| Summary: | slurmd: default spool dir used in _read_config() | ||
|---|---|---|---|
| Product: | Slurm | Reporter: | Jeff Frey <frey> |
| Component: | slurmd | Assignee: | Jacob Jenson <jacob> |
| Status: | RESOLVED INVALID | QA Contact: | |
| Severity: | 6 - No support contract | ||
| Priority: | --- | CC: | alex, bart, tim |
| Version: | 17.11.0 | ||
| Hardware: | Linux | ||
| OS: | Linux | ||
| See Also: | https://bugs.schedmd.com/show_bug.cgi?id=4487 | ||
| Site: | Yale | Slinky Site: | --- |
| Alineos Sites: | --- | Atos/Eviden Sites: | --- |
| Confidential Site: | --- | Coreweave sites: | --- |
| Cray Sites: | --- | DS9 clusters: | --- |
| Google sites: | --- | HPCnow Sites: | --- |
| HPE Sites: | --- | IBM Sites: | --- |
| NOAA SIte: | --- | NoveTech Sites: | --- |
| Nvidia HWinf-CS Sites: | --- | OCF Sites: | --- |
| Recursion Pharma Sites: | --- | SFW Sites: | --- |
| SNIC sites: | --- | Tzag Elita Sites: | --- |
| Linux Distro: | --- | Machine Name: | |
| CLE Version: | Version Fixed: | ||
| Target Release: | --- | DevPrio: | --- |
| Emory-Cloud Sites: | --- | ||
In (src/slurmd/slurmd/slurmd.c:832) the _update_logging() function is called from inside _read_config().
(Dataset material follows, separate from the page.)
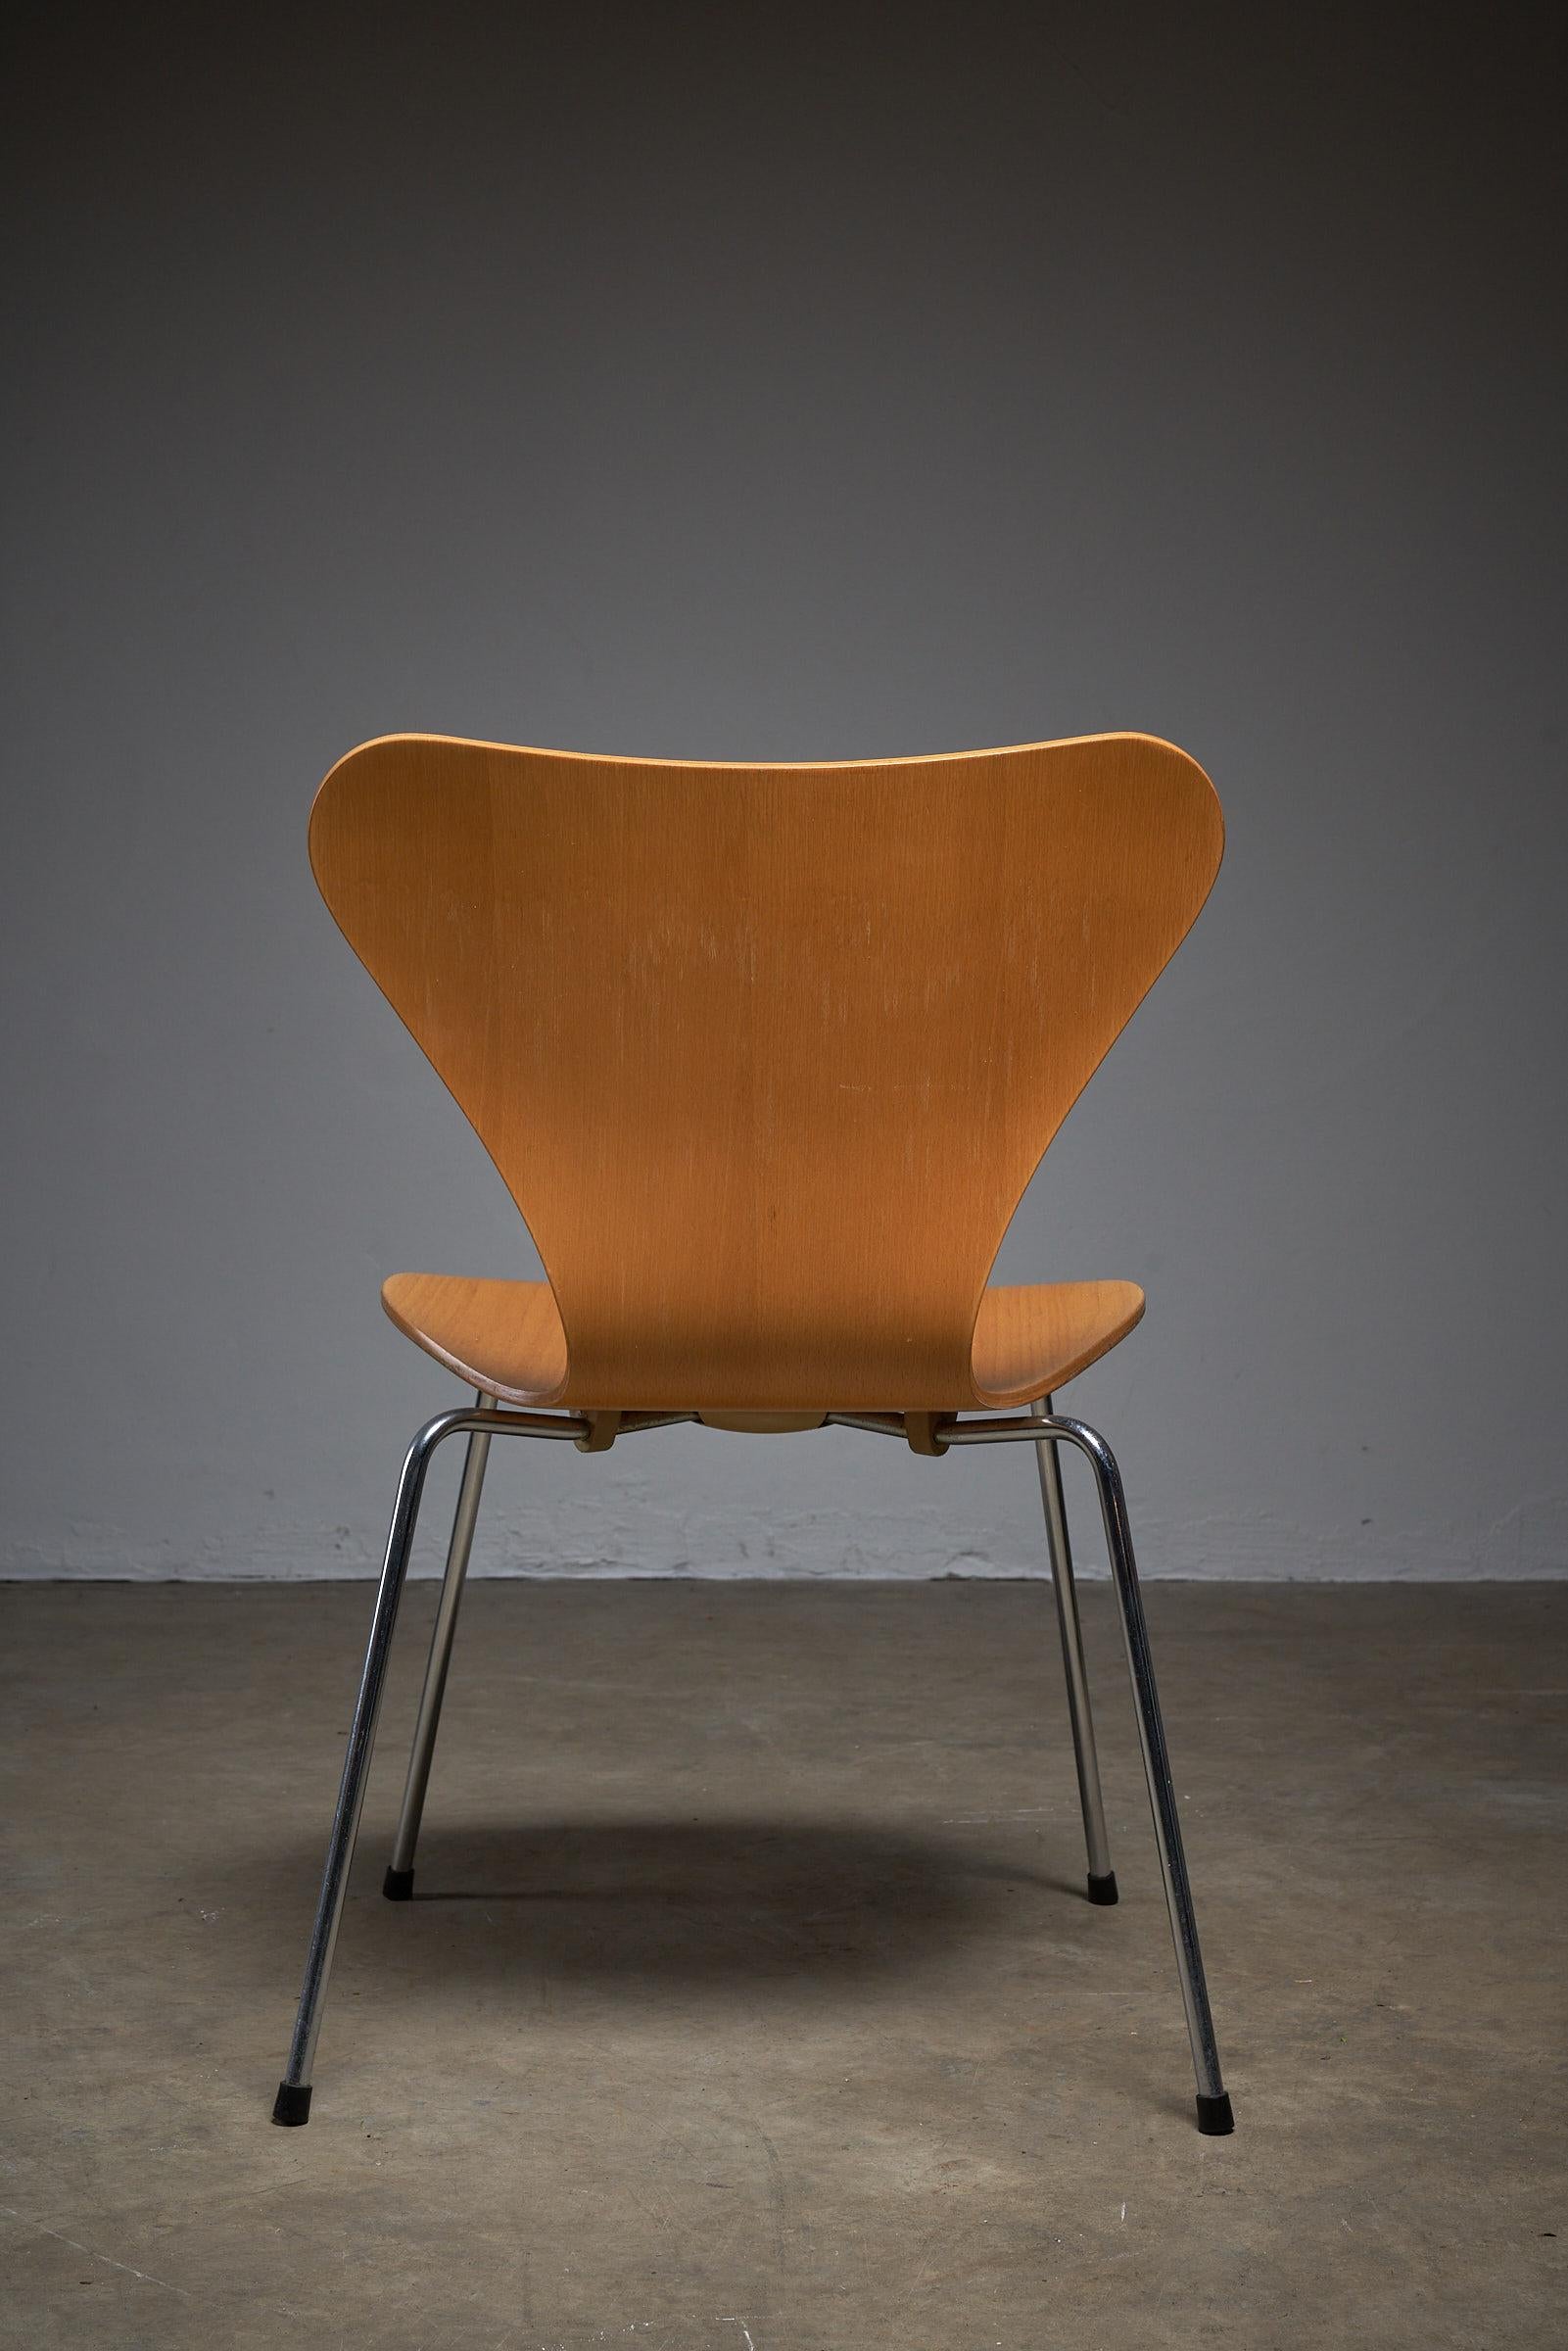 Mid-20th Century Arne Jacobsen Model 7 Vintage Chairs for Fritz Hanssen, 12+ pieces For Sale

In 17.02 releases, the _update_logging() function handled the file reopening itself (with required conf fields filled-in by _read_config() before _update_logging() was called) and then returned. In 17.11, the _update_logging() function IN ADDITION attempts to contact any step daemons in existence. If does this using the value of conf->spooldir. But _read_config() has not yet filled-in conf->spooldir when _update_logging() is called (it does so later at line 937). So _update_logging() always tries the default spool directory (e.g. /var/spool/slurmd) producing the following red-herring error message in the slurmd.log: debug: Log file re-opened error: Domain socket directory /var/spool/slurmd: No such file or directory debug2: hwloc_topology_init debug2: hwloc_topology_load debug: CPUs:8 Boards:1 Sockets:2 CoresPerSocket:4 ThreadsPerCore:1 debug4: CPU map[0]=>0 S:C:T 0:0:0 debug4: CPU map[1]=>1 S:C:T 0:1:0 : This does not appear to adversely impact startup of slurmd, it just produces an unnecessary error message. Solution: the _read_config() function should be rearranged so that all conf field pre-conditions for _update_logging() are satisfied before it is called.